To incentivize participation, try offering giveaways or small coupons in exchange for taking polls. Make the polls general, and encourage your customers to share them on social media. That way, you get some automatic lead building while you’re mining for customer data.
Look at challenges with optimism
Nobody likes set-backs, failing, or making mistakes. But it’s going to happen to you, just like it happens to everyone else. Instead of getting frustrated when these circumstances happen, look at them with optimism. Every bad opportunity provides you with new information. You get to learn from your mistakes if you focus on what could have made things go better.
So, instead of feeling frustration about a roadblock, be optimistic. Roadblocks are going to happen no matter what, so how you react to them is what sets you apart from other startups. This is your crash course in managing a startup, so are you going to get frustrated or are you going to take what you’ve learned and immediately apply it to your next great idea?

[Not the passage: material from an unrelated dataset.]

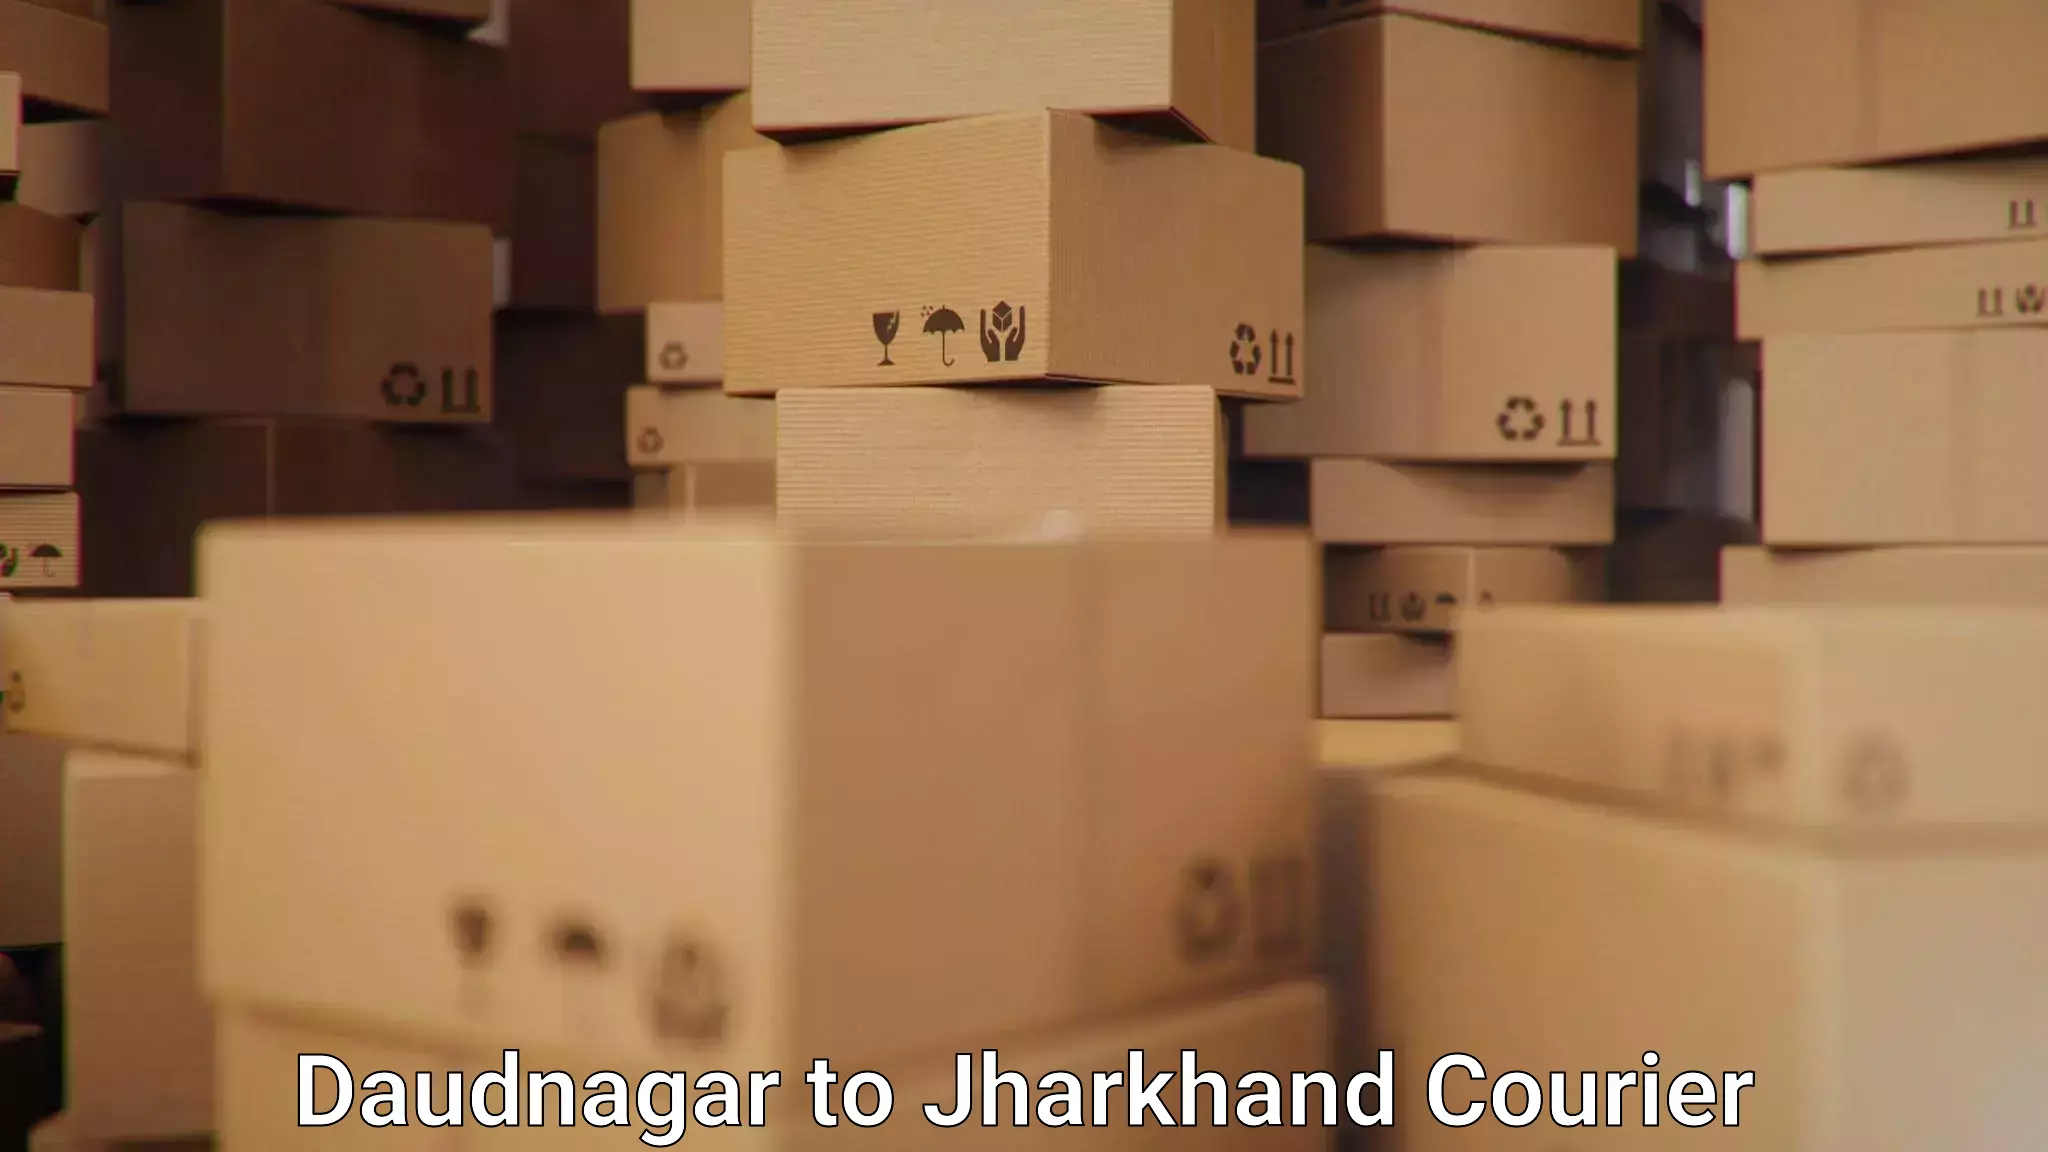 Global courier networks Daudnagar to Jamshedpur

Be careful with your funds
A lot of startups pour their money into developing products or ideas and trying to lure in venture capital funding or angel investors. Your startup may need those things, too, but that’s no reason to save money in the mean time. Where can you cut costs? The solutions are often very simple, from office space to electricity usage to paper waste. When you start cutting unnecessary costs from your overhead, you free up funds for things that are important.
Imagine, for instance, the pressure you take off your own shoulders when you stop doing the books for your company. Extra funds may mean you have the cash to hire an accountant part-time, or at least buy some quality bookkeeping software that does a lot of the work for you. When you spend your funds in ways that help manage the business, you free up your own time to keep innovating and expanding.
Develop your brand early
A cool concept often takes precedent over brand development. After all, how many startups do you hear about offering a cool product? Probably a fair few. Can you offer three words about those startups and their brand personalities? That’s a little more difficult. Established brands have obvious personalities, but new brands often struggle with finding a voice and a niche.
Don’t go that route. Start with your mission statement, and take a look at your audience. Those two things will inform your branding and your company personality. After all, some of the most memorable brands catch our attention because they offer unforgettable personalities in their ads and their interactions. Your branding needs to be part of everything your company does, even internally. Make it pervasive early on so you turn more heads and catch more customers.
You can never think completely differently from every startup, because all new companies are different. You can set yourself apart from the pack by focusing on different things, like customer service and brand identity. Keep innovating, and keep focusing on where you’ll find the capital you need. But never forget that you went into business to provide people a product or service. As long as you remember that a human connection is necessary for what you’re doing, you’ll keep thinking differently.